Veröffentlicht von am 23. August 2012

Falsch gemacht

In einem Video berichtet die Architektin MJ Long, die wie Kitaj als Amerikanerin in London lebte, über die Zeit, als sie Kitajs Haus in Chelsea umbaute und für ihn Modell saß.


»Ich fand es verwirrender, für ihn Modell zu sitzen, als seine Architektin zu sein. Man hat einfach das Gefühl, als hätte man irgendwie etwas falsch gemacht, vor allem, wenn’s nicht gut läuft, was er einen immer genau spüren lässt. […] Vor und nach den Sitzungen war es eine Freude, weil er sich immer zu einem setzen und sich unterhalten wollte, aber wenn er arbeitete, fühlte ich mich sehr eingeschüchtert von ihm.«

Mehr zu R.B. Kitaj finden Sie unter: www.jmberlin.de/kitaj


Veröffentlicht von am 17. August 2012

Nackte Frauen und politische Botschaften

Soldat mit grüner Mütze

R.B. Kitaj, Juan de la Cruz, 1967 © R. B. Kitaj Estate. Astrup Fearnley Museum of Modern Art, Oslo

Erst jetzt, als ich wirklich ganz genau hinsah, bemerkte ich es: Auch mein Lieblingsbild von R.B. Kitaj, Juan de la Cruz, hat eine für seine Malerei so eigentümlich explizite und aggressive sexuelle Komponente: Nackte Frauen sind Vehikel für politische Botschaften – hier zum Vietnamkrieg – und historische Episoden, zum Beispiel über den Hl. Johannes vom Kreuz und der Hl. Theresa von Àvila und deren jüdische Herkunft, was ich grundsätzlich problematisch finde. Aber mir gefällt das Bild nichtsdestotrotz: Ich mag die vielen kräftigen Farben, das dunkelblaue Meer unter dem hellblauen Himmel, die grüne Mütze auf dem Kopf des Soldaten und das Gelb hinter ihm. Das Bild und die Gegensätze, die es in sich vereint – die fein gezeichneten Züge des Soldaten, neben schlichten geometrischen Formen –, strahlen etwas sommerlich Positives aus.
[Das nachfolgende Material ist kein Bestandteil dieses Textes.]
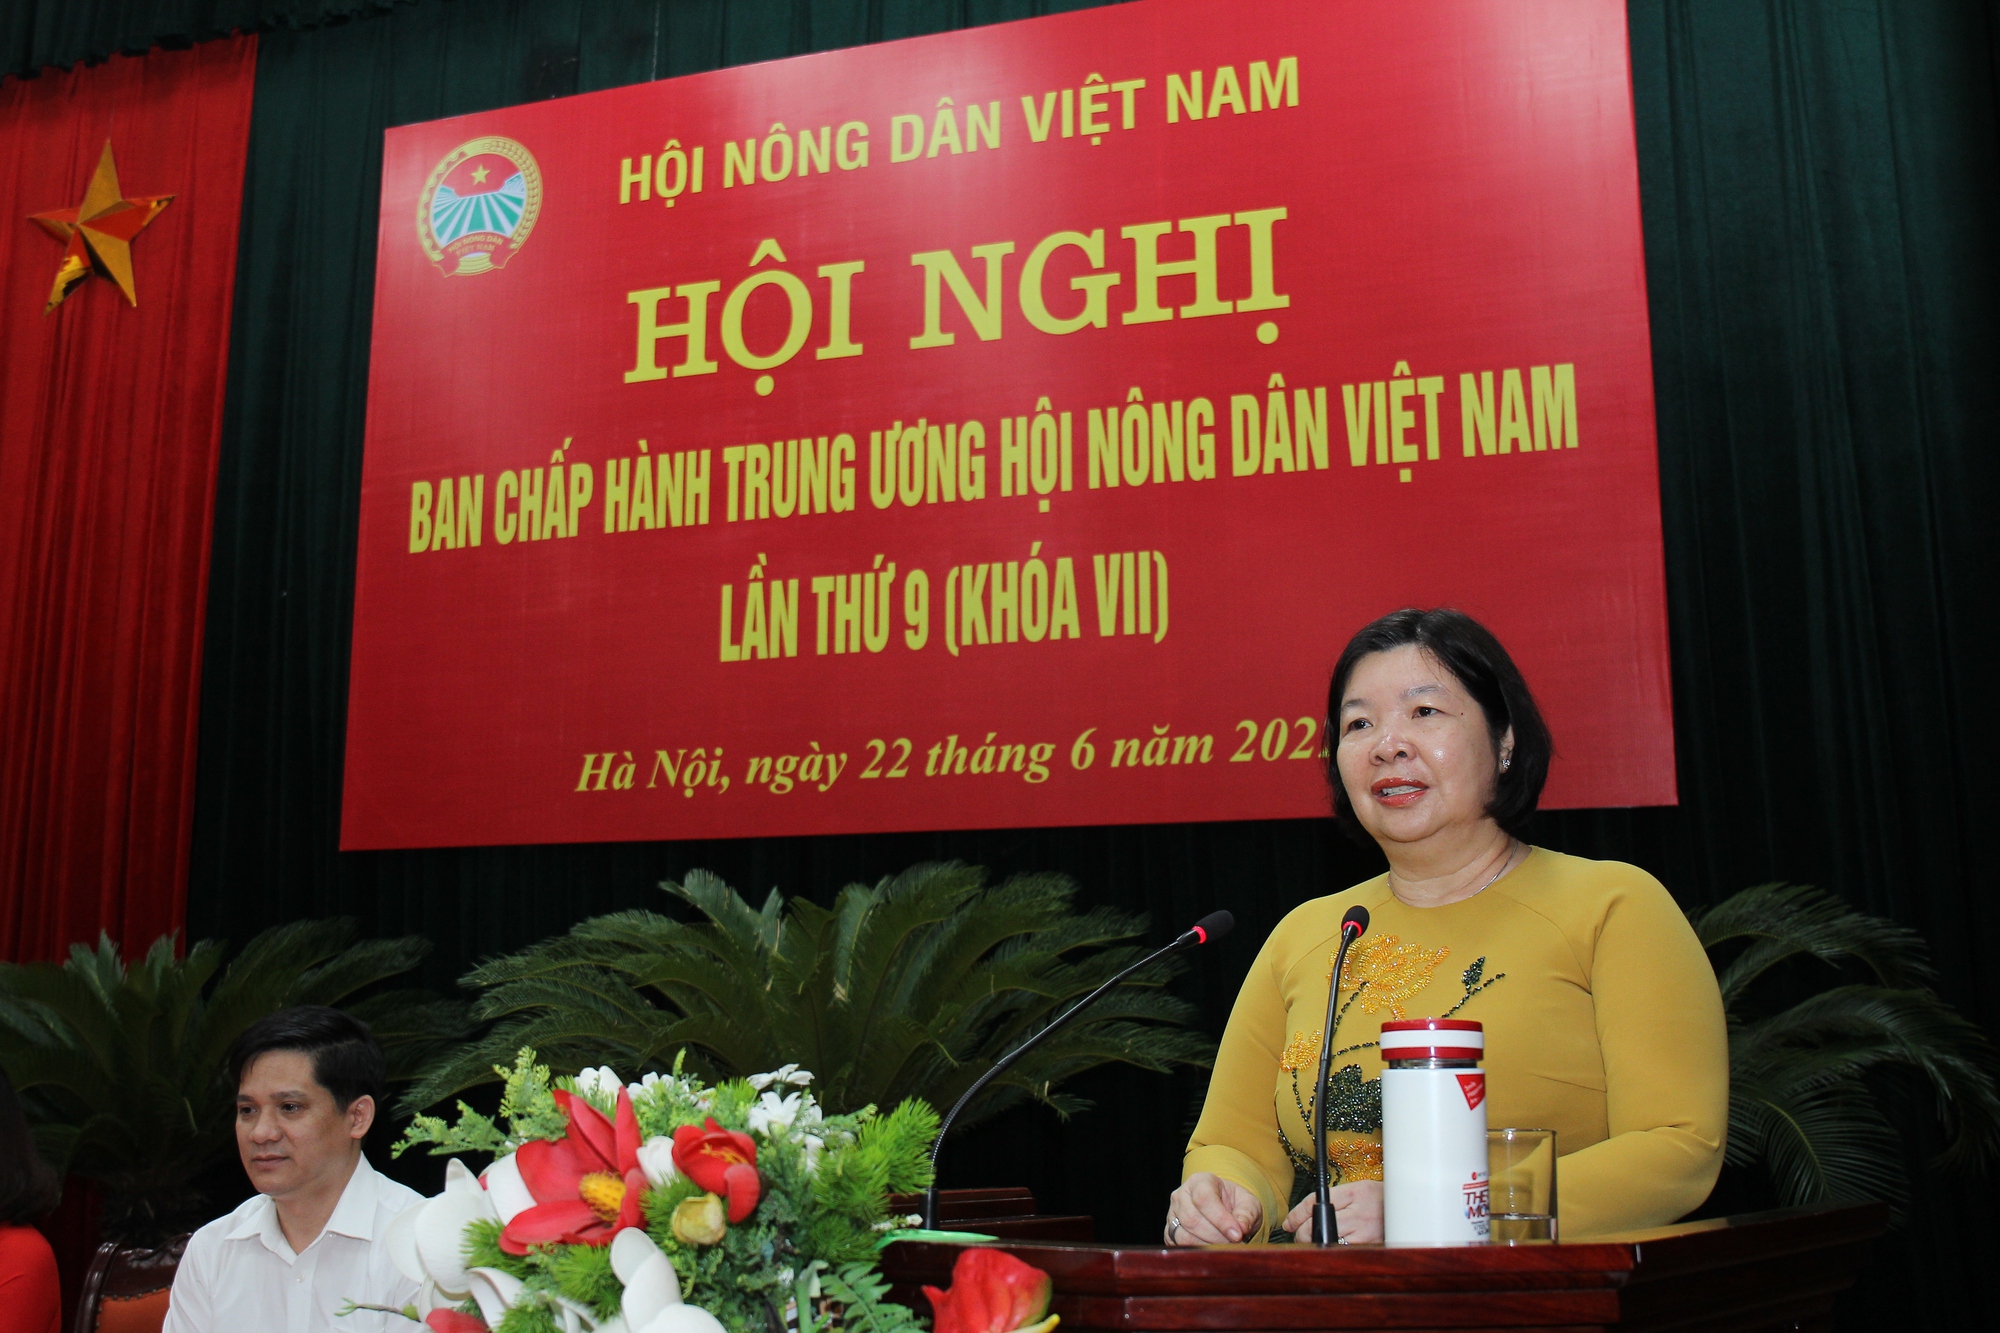 Tin mới: Bà Cao Xuân Thu Vân được bầu làm Phó Chủ tịch Ban Chấp hành Trung ương Hội Nông dân Việt Nam - Ảnh 3.

Mehr zu R.B. Kitaj finden Sie unter: www.jmberlin.de/kitaj

Christine Marth, Publikationen


Veröffentlicht von am 8. August 2012

R.B. Kitaj, Philip Roth und ich…

Nackte Frau auf einem Drehstuhl

The Ohio Gang, 1964 © R.B. Kitaj Estate 2012. Digital image, The Museum of Modern Art, New York/Scala, Florence

Die Vorbereitungen der Ausstellung »R.B. Kitaj (1932–2007) Obsessionen« im Jüdischen Museum haben mich zu Philip Roth zurückgebracht. Ich versuche ungefähr alle 10 Jahre mal wieder, ihn zu lesen – warum? Aus Neugier; um meine feministische, oder besser schlicht: weibliche Unlust an Roth zu prüfen; um zu sehen, ob vielleicht mit zunehmender Reife ein Erkenntnisprozess einsetzt, der mich dem alternden, sex-besessenen, weißen, männlichen Ego der Roth-Helden mit Empathie begegnen lässt; oder um endlich zu entdecken, warum genau Roth der Meister der US-amerikanischen Literatur ist, der er unbestritten ist. Es heißt, der lüsterne Puppenspieler Mickey Sabbath aus »Sabbath’s Theater« ist dem Nachbarn und Freund des Autors, R.B. Kitaj, nachempfunden, aber auch andere Figuren Roths tragen Züge oder teilen biografische Stationen des Künstlers. Fazit: Ich kann nicht behaupten, dass mir die Figuren von Philip Roth sympathischer geworden sind, aber ich merke, sie sind in einer gewissen Weise »historisch« geworden, ein Abbild ihrer Zeit, und ein bisschen ist es so, wie man sich an den grabschenden Chauvis von Mad Men erfreut, ohne sich unbedingt in die Zeit der übersexten Sekretärinnen und verhuschten Hausfrauen zurückzusehnen. Auf jeden Fall ist die projizierte Figur des Künstlers R.B. Kitaj in meiner Vorstellungskraft plastischer, dreidimensionaler geworden – und ich bin umso mehr gespannt darauf, den »echten« Kitaj ab September in den Gemälden im Jüdischen Museum kennenzulernen!